If they refused cover for on road parking they wouldn't do any business in Portsmouth. Off road parking is as rare as rocking horse s**t. I think there must be 30 vans within a quarter of a mile of my home.


----------



## peter palance (Apr 3, 2019)

*car*



antiquesam said:


> I've tried using the comparison sites, but they seem to be incapable of doing anything vaguely specialist. I saw a website for Asda and Tesco but kind of discounted them for the same reason, but will add them to the list.



my car is with tesco until renew-hell, here looking at you babe, hope you get it wright,peases bee with you ,ok,pj


----------



## antiquesam (Apr 3, 2019)

peter palance said:


> my car is with tesco until renew-hell, here looking at you babe, hope you get it wright,peases bee with you ,ok,pj



Thanks, but this is an old thread. I sorted it between Xmas and New Year. In the main I found the smaller brokers the most amenable to a deal, both for the car and van.


----------



## alcam (Apr 3, 2019)

POI Admin said:


> Not my experience ... Several were not prepared to quote.
> 
> This may be postcode related of course, and insurers do change their approach.
> 
> The only option is to ring around and ask.

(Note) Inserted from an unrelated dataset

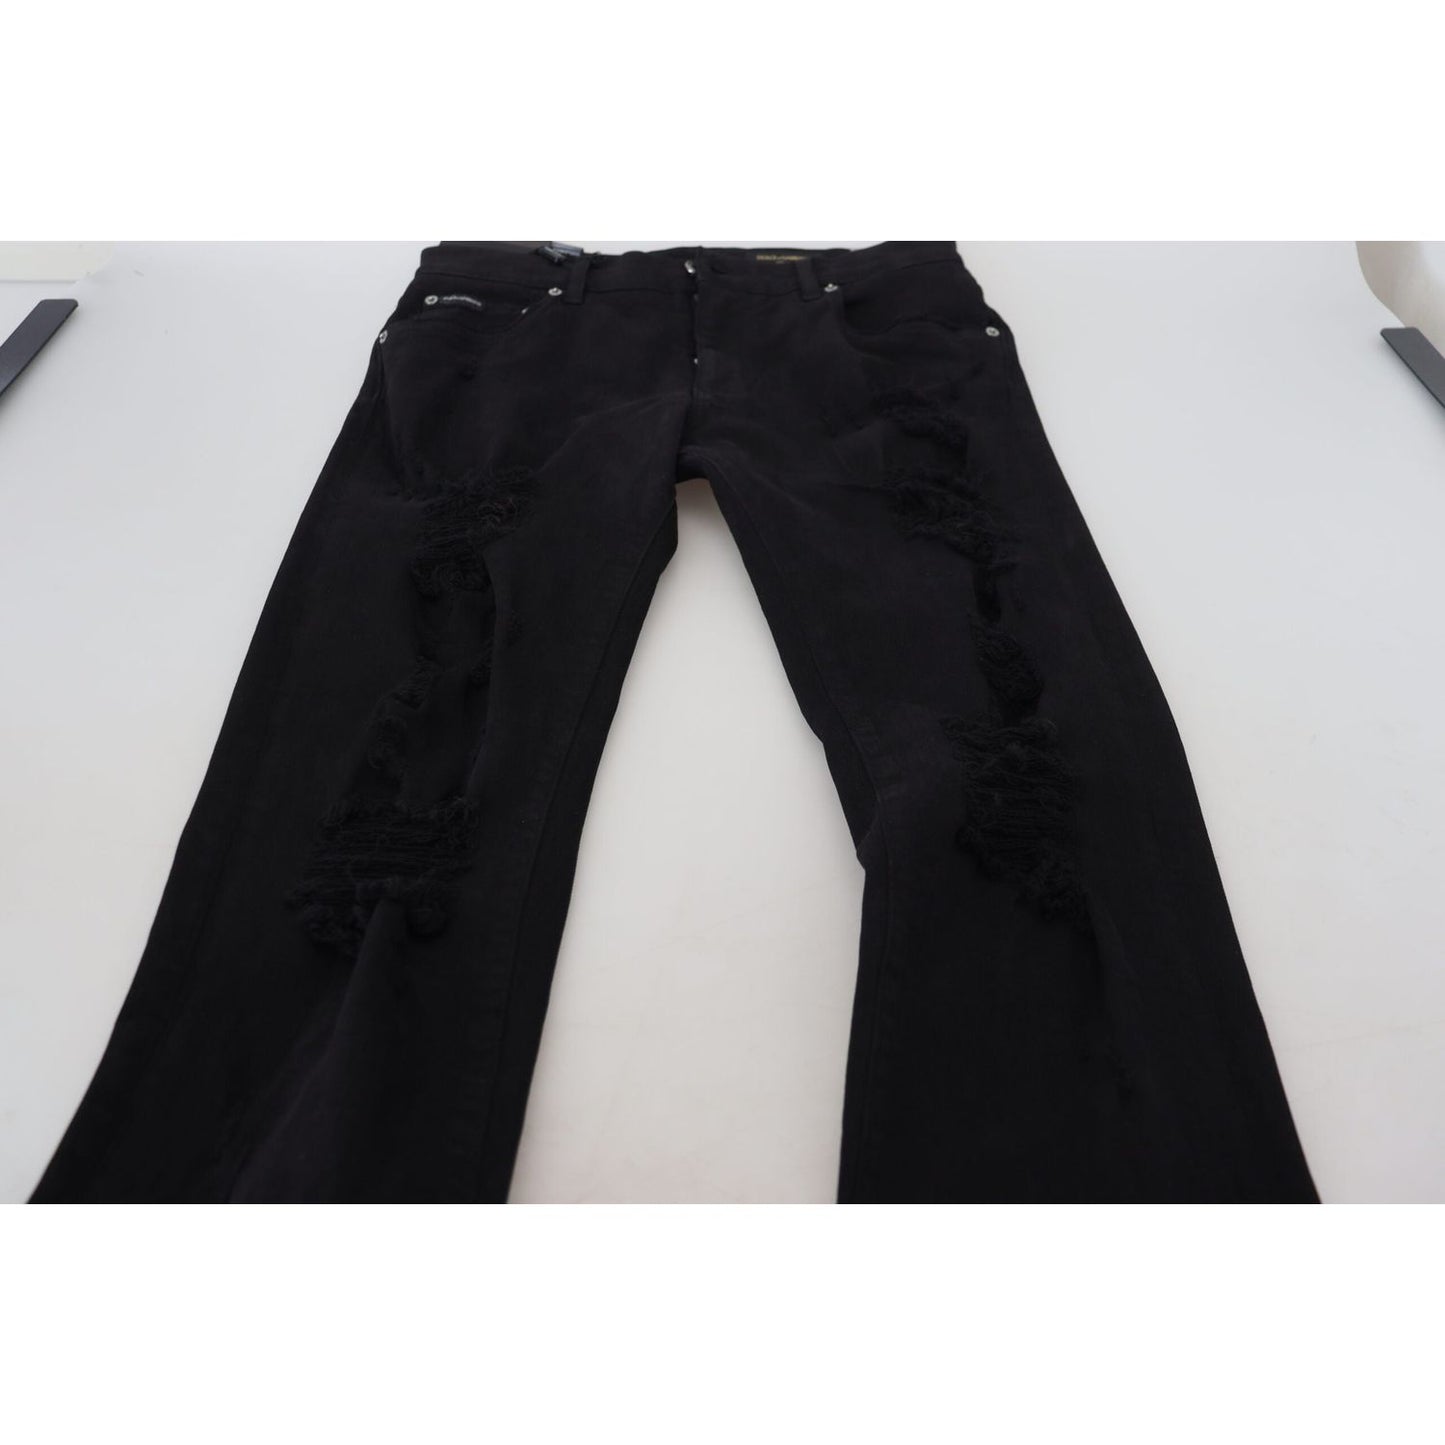 Dolce & Gabbana Svelte Black Tattered Slim Fit Denim black-slim-fit-tattered-denim-cotton-jeans IMG_4938-scaled-4a1da76d-951.jpg

Yes that's my previous experience . Was hoping to narrow down the list  . Apart from existing insurers only other I know is Safeguard


----------



## antiquesam (Apr 3, 2019)

alcam said:


> Yes that's my previous experience . Was hoping to narrow down the list  . Apart from existing insurers only other I know is Safeguard



Lancaster, AIB, Adrian Flux, Carole Nash and Staysure were all happy to quote. They were all within a tenner of each other until Lancaster was prepared to do a deal knocking Forty quid off his original offer. Must have been a thin month for him.


----------



## alcam (Apr 3, 2019)

antiquesam said:


> Lancaster, AIB, Adrian Flux, Carole Nash and Staysure were all happy to quote. They were all within a tenner of each other until Lancaster was prepared to do a deal knocking Forty quid off his original offer. Must have been a thin month for him.



Ok thanks , narrows it down a bit . I'm with Adrian flux at present . Will try the rest , though AIB knocked me  back the last 3 years


----------



## antiquesam (Apr 3, 2019)

alcam said:


> Ok thanks , narrows it down a bit . I'm with Adrian flux at present . Will try the rest , though AIB knocked me  back the last 3 years



There must surely be more than just on road parking affecting your insurance. Have you got a gold plated van encrusted with diamonds or something?


----------



## alcam (Apr 4, 2019)

antiquesam said:


> There must surely be more than just on road parking affecting your insurance. Have you got a gold plated van encrusted with diamonds or something?




No it's the on street parking that is the problem . Many companies just don't do it


----------